The U.S. Employment Situation
In 2001, the U.S. unemployment rate was sitting at around 5%. Over the next couple of years, it dipped below 5%, reaching a low of 4.4%, before beginning to rise after the global financial crisis in 2008. After reaching a high of 10% in October 2009, the unemployment rate steadily fell and, by September 2019, was at 49-year lows of just 3.5%.
This trend changed dramatically in 2020 due to the COVID-19 pandemic and the unemployment rate quickly rose to 14.8% in April. However, by the end of 2020 and into 2021, the unemployment rate steadily fell, registering just 3.8% in February, 2022.
Yet, the above discussion on how the unemployment rate is calculated, and factors that could affect its fall, should be reason enough to be somewhat skeptical of extreme unemployment numbers. In fact, there is another trend that makes the sharp decline in the unemployment rate look a lot less rosy.
Labor Force Participation Rate
From about the middle of the 1960s until around the year 2000, the labor force participation rate—labor force divided by the noninstitutionalized, civilian working-age population—rose rather dramatically from just under 59% to more than 67%. One of the main contributors to this rise was the increasing rate at which women were joining the labor force. However, the rate fell steadily from the 66% to 67% levels seen until late 2008 in the aftermath of the global financial crisis to around 62% as of Q1 2022.
While many economists argue that this decrease in labor participation since 2008 is partly due to many of the baby boomer generation starting to retire and leaving the labor force, the prime working age (25 to 54 years) labor force participation rate has also declined. In January 2021 it declined to 76.4% compared to 81.8% in the year 2000. Thus, retiring baby boomers cannot be the sole reason for the decline in the overall labor force participation rate.
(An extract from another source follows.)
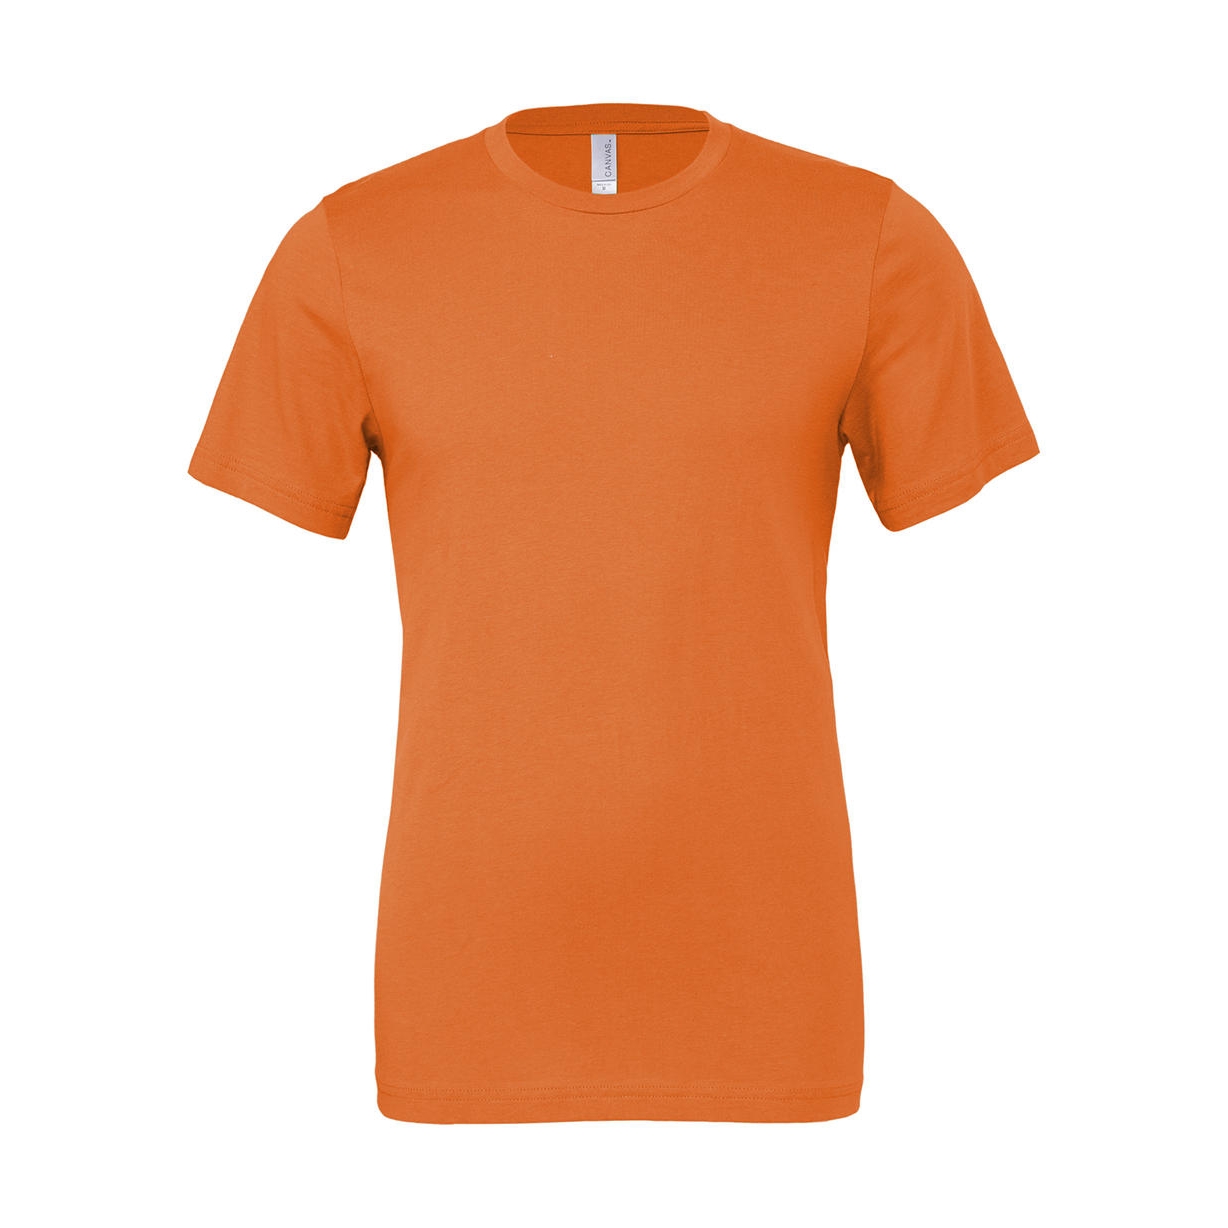 Tričko Bella Jersey - oranžové, XS

The fact that some people in their prime working age have left the labor force is more of a likely indication of a weakness in the U.S. labor market. One explanation is that there is a skills-to-qualifications mismatch. Thus, despite the number of people who might want a job and are available for work, if they don’t have the skills that employers are looking for, they won’t get hired. Another explanation is the number of discouraged workers who have left the workforce due to circumstances surrounding the COVID-19 pandemic.
The number of discouraged workers in the U.S. in February 2022 was 391,000, down from 520,000 reported a year earlier in February 2021.
The Bottom Line
While it may be tempting to think that a drop in the unemployment rate is a positive sign, the very narrow definition of the officially unemployed is evidence that the interpretation of unemployment rate trends is not unambiguous. One also needs to consider the labor force participation rate. If the unemployment rate is falling because people have given up on trying to find a job rather than actually finding a job, this may be evidence of a weakening economy and may be reason enough to impact the Fed's monetary policy decisions.